John pulled his socks and the pointed-toe boots on and went downstairs with his shirt on but still open. He splashed water in his face, dried on the towel that had been hanging in the bathroom for going on a month, and went into the kitchen.
Cawley had opened two cans of corned beef hash, emptied each one on a separate plate and was frying eggs in l
ard on the stove. When the eggs were crinkled and starting to burn he dropped two of them—the yolks still runny with the whites not quite cooked on top—on each pile of cold hash.
“Eat. We start up today and we won’t have much for lunch. This will stick to you.”
John looked at his plate. The uncooked egg white looked just like the boogers that were always hanging out of little Davey Haller’s nose on the bus.
“What’s the matter?”
“Nothing.” Maybe, he thought, if I jam it all down into the hash and eat it without looking or thinking about it. He used his fork to mash the eggs down and mix them in with the hash and then tried a mouthful. The hash was cold and at least half grease and the lard on the eggs turned hard when it hit the cold hash and he ate without looking. Just take a mouthful and swallow, he thought, then another. It’ll go down. He thought of the day before while he was eating.
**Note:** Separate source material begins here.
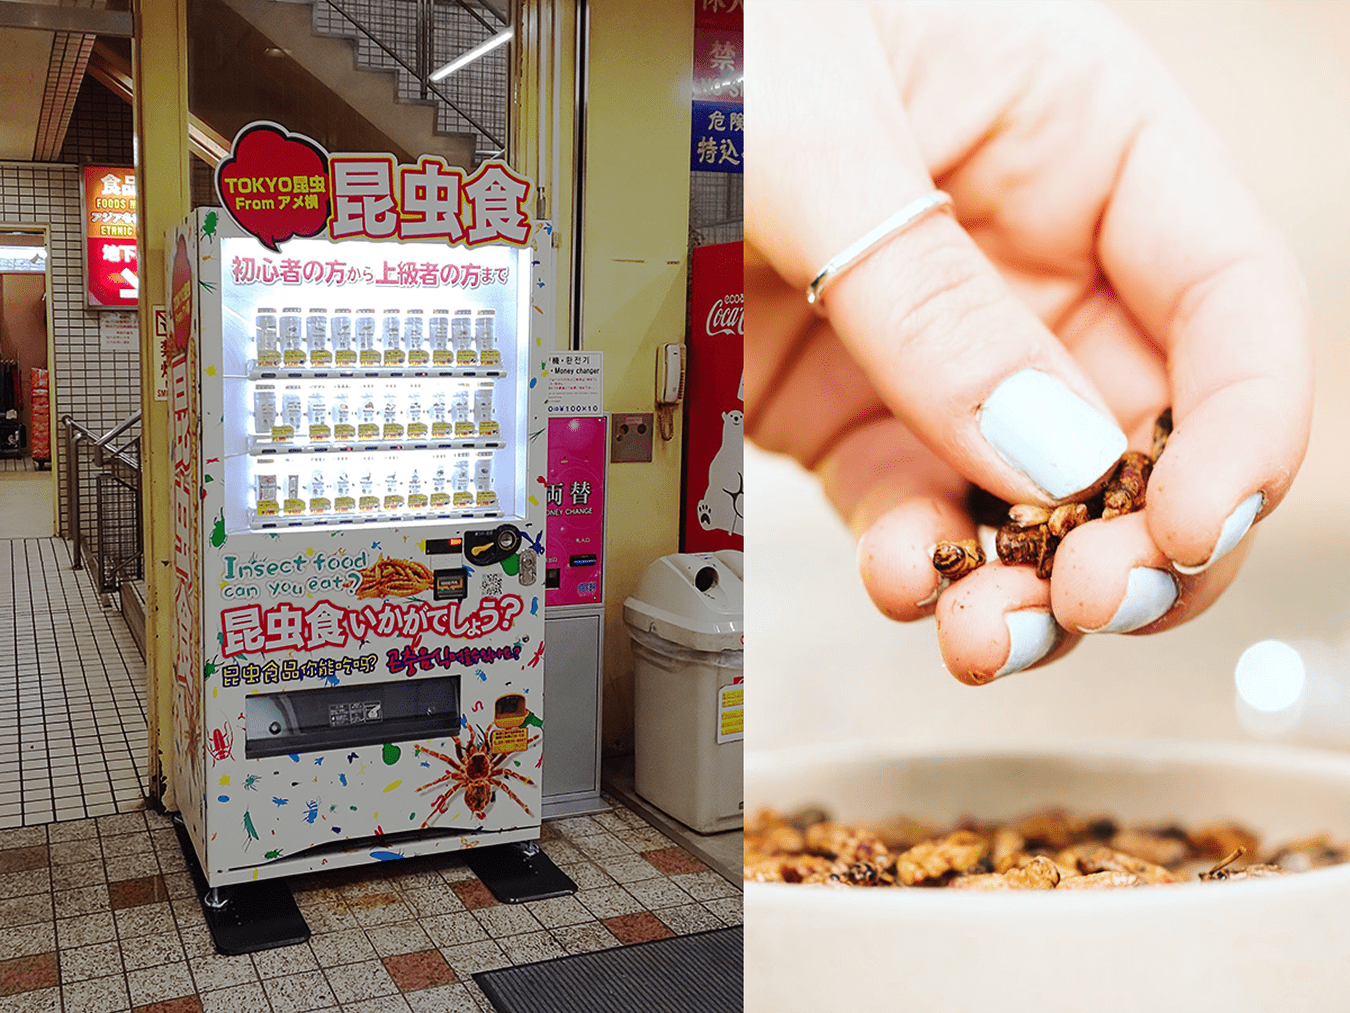 Bizarra máquina automática que vende insetos em Tóquio

It had been one of those disasters that maybe turned out for the better. Cawley had decided to start the old GMC even though he didn’t have new plugs and belts, just to see if it would run, and it promptly threw a rod and started hammering and bouncing.
“Well,” he’d said. “That tears it.”
“What about using the ranch pickup?” John had asked.
“Your dad needs it. No, we’ll have to do it the old-fashioned way.”
John had thought the old GMC was the old-fashioned way. It was the only way he’d ever seen them pull the wagon up.
But Cawley showed him a long piece of wood with a bolt hole through one end out by the side of the barn. It had been there as long as John had known things but he just thought it was an old piece of wood.
“Wagon tongue,” Cawley said. “White oak—lasts forever.” He went to a pile of junk in the granary and found other pieces of wood and bolts and chains and then, from the wall of the granary, harnesses.
“You’re going to pull the wagon all the way up there with horses?”
Cawley had looked at him in surprise. “Sure. That’s how we always did it. Trucks is a new idea.…”
“But we don’t have workhorses,” John said. “We just have riding horses.”